#### [Activity]
Down to the final line, write out the material beneath exactly, without pictures.

#### [Data provided]
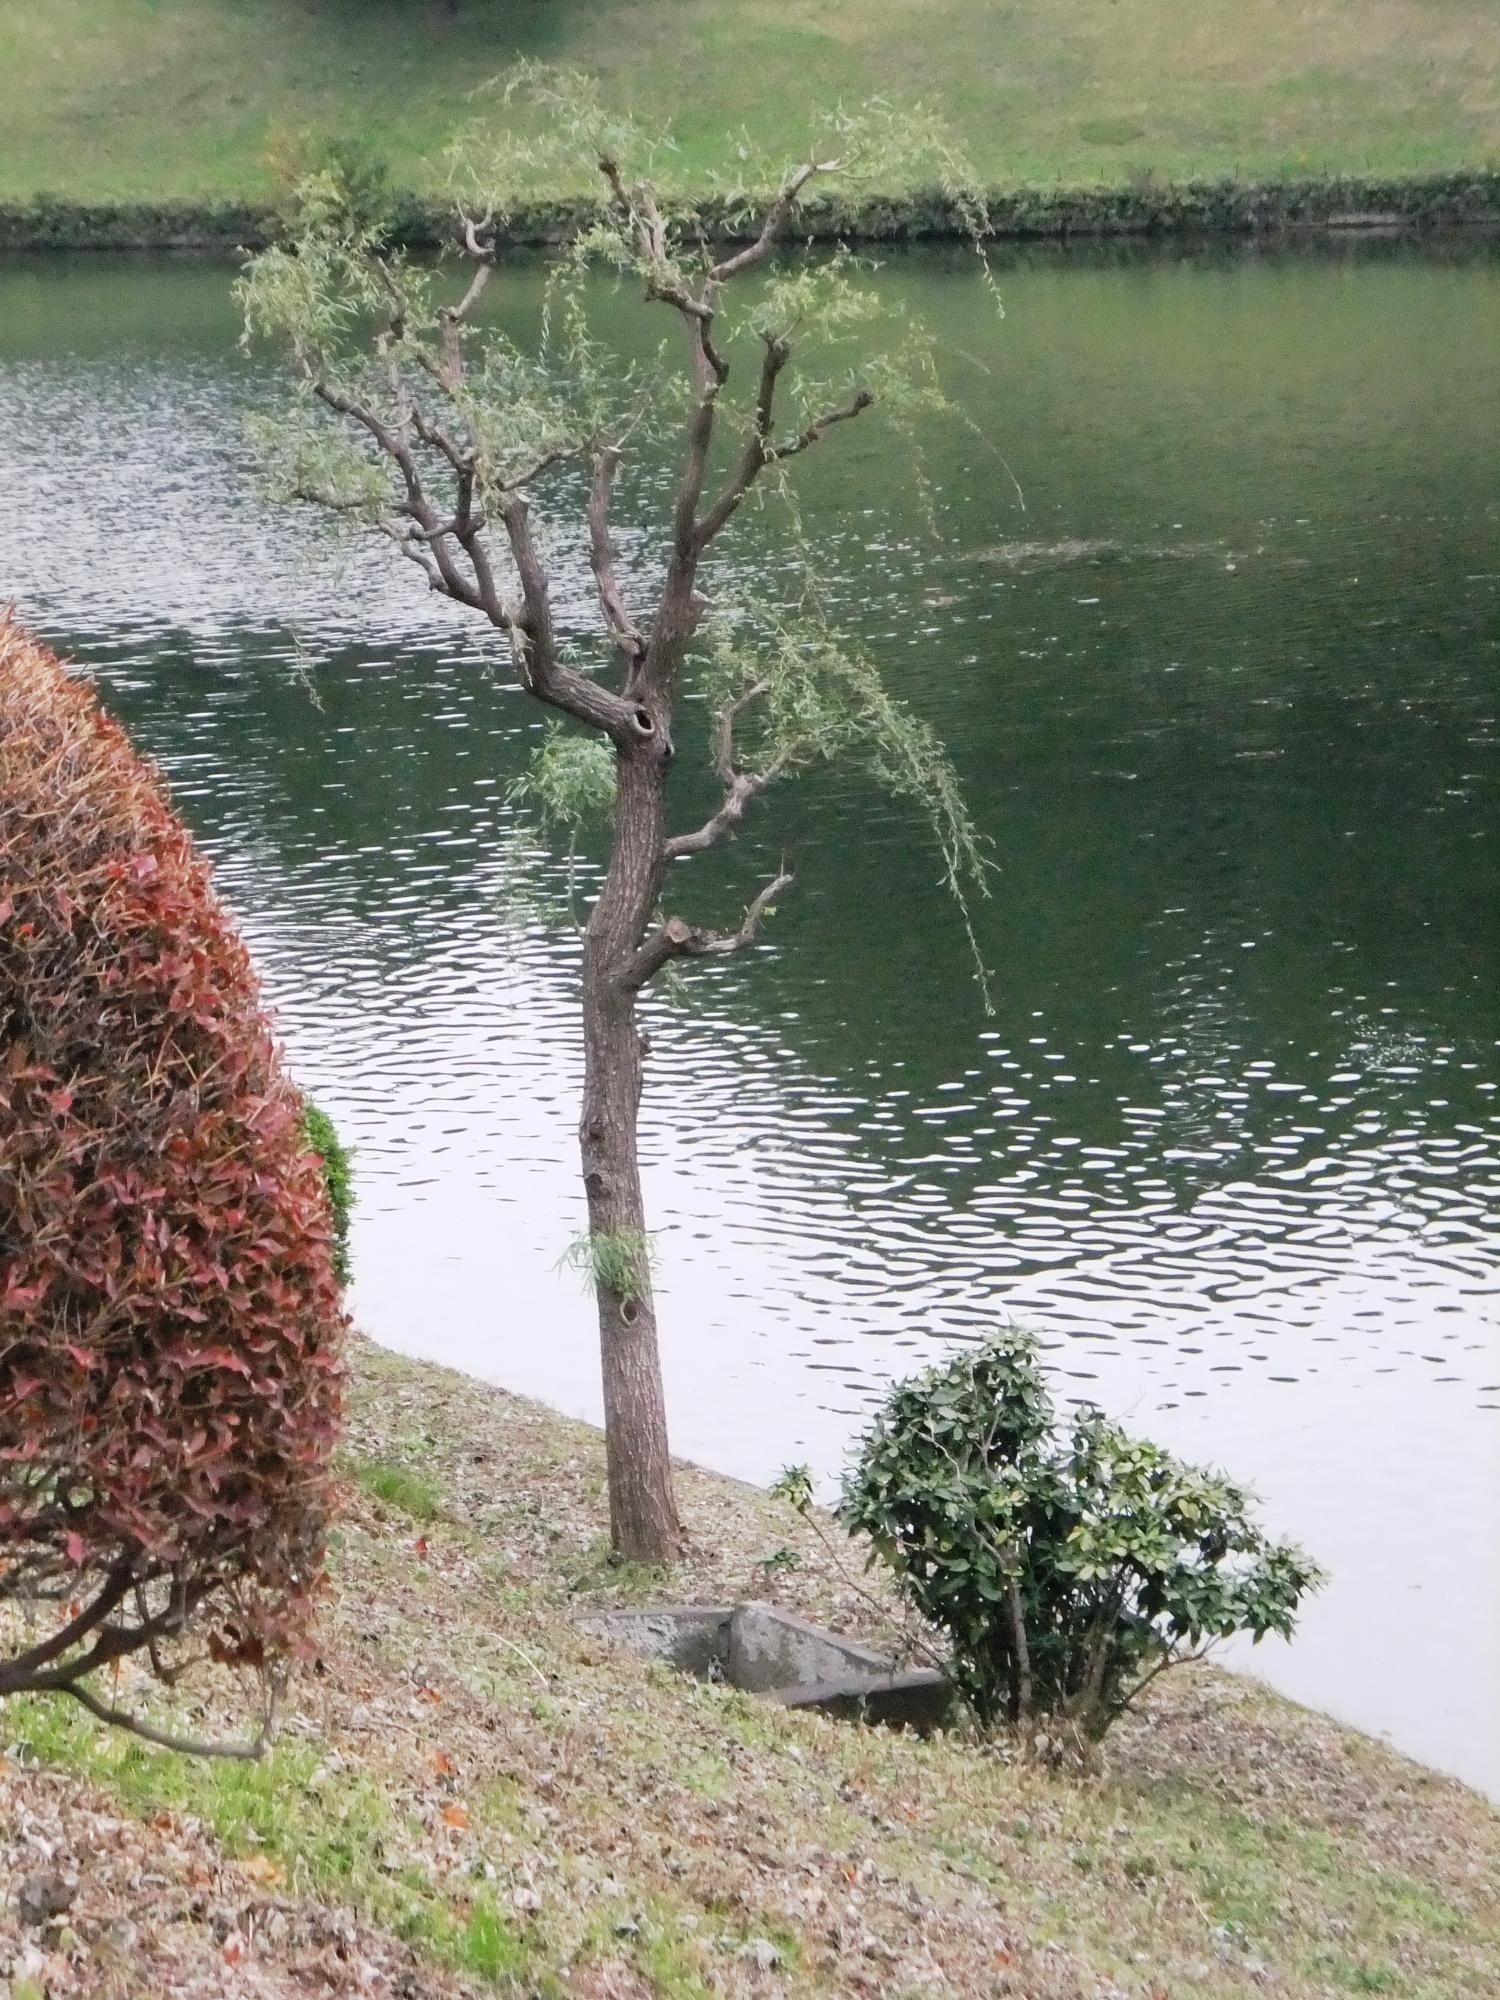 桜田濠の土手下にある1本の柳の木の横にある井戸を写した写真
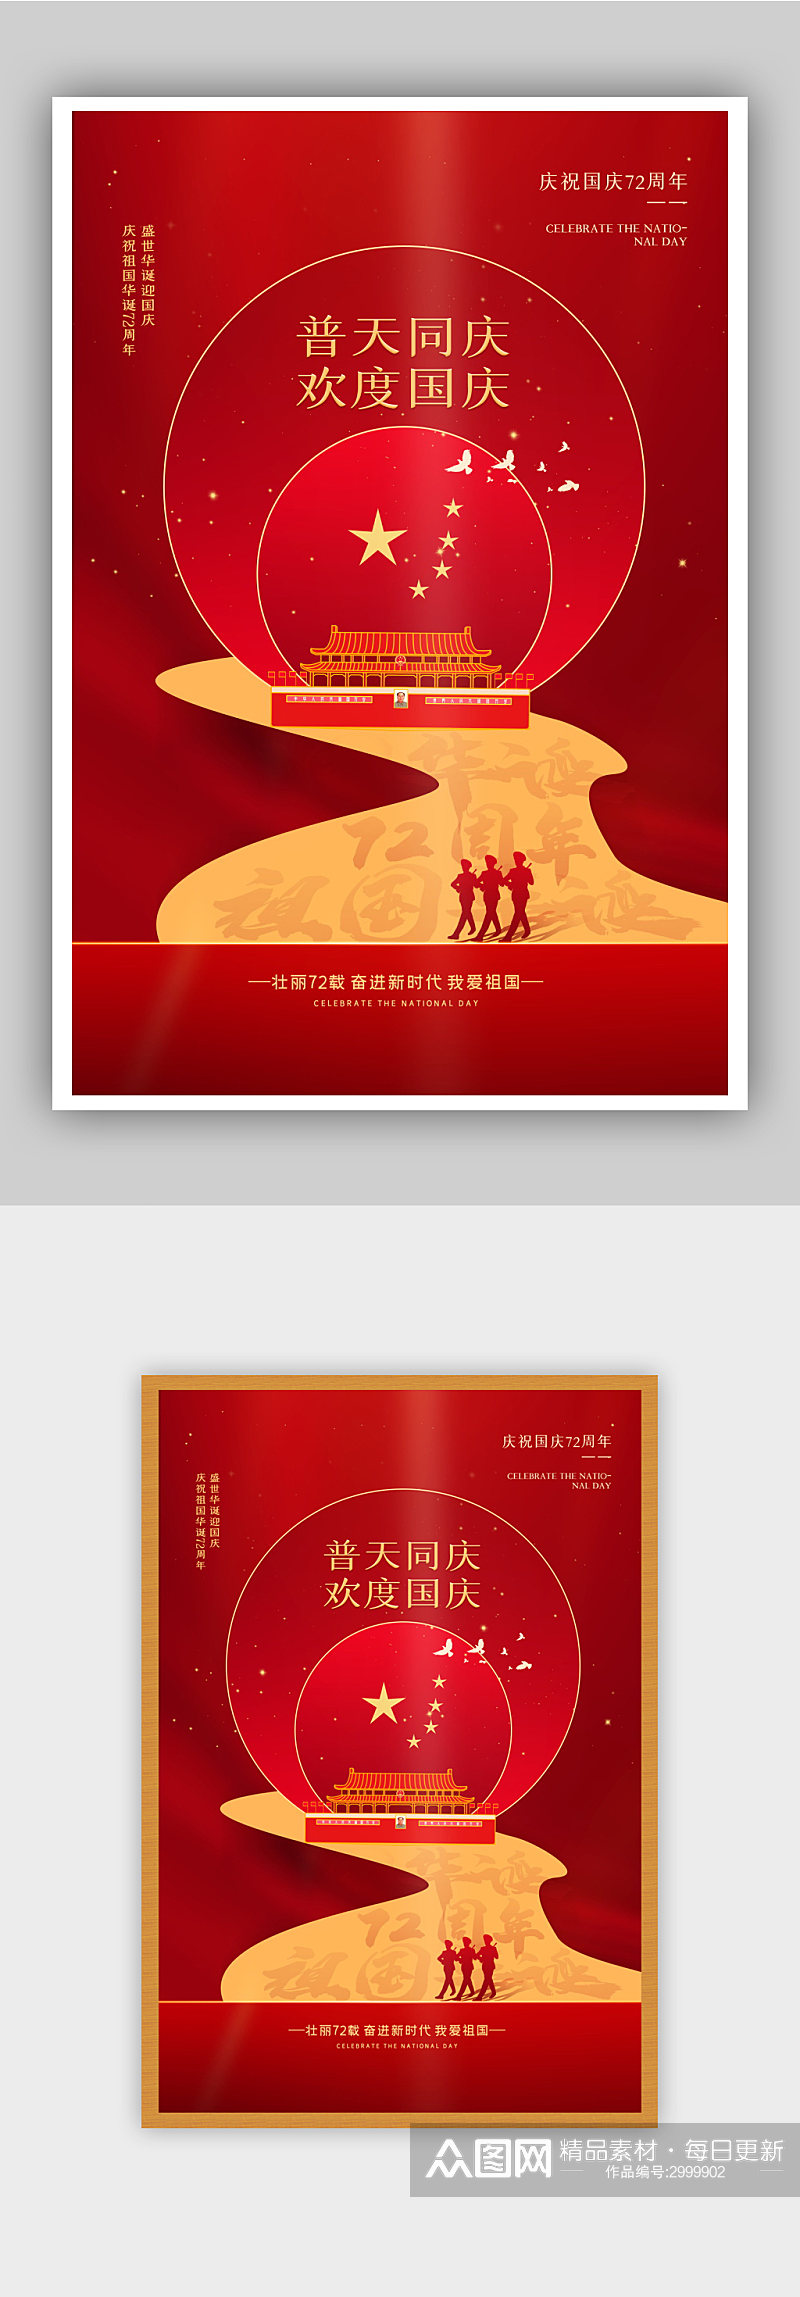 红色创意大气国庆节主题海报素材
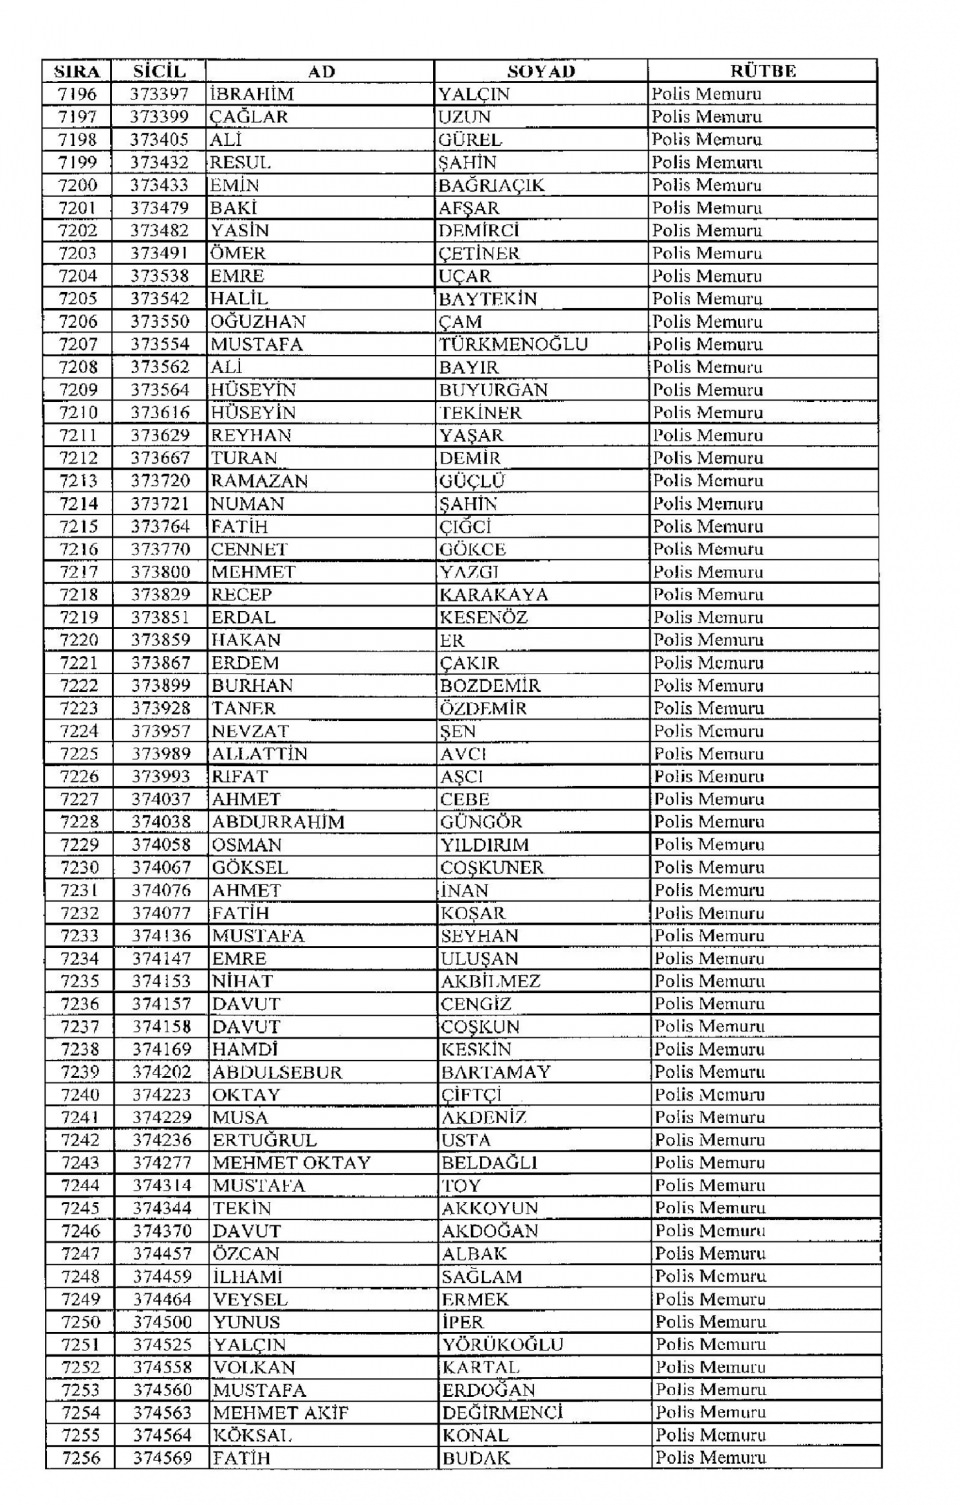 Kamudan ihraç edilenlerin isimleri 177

#### [Solution]
 桜田濠の土手下にある1本の柳の木の横にある井戸を写した写真
 红色创意大气国庆节主题海报素材
 Kamudan ihraç edilenlerin isimleri 177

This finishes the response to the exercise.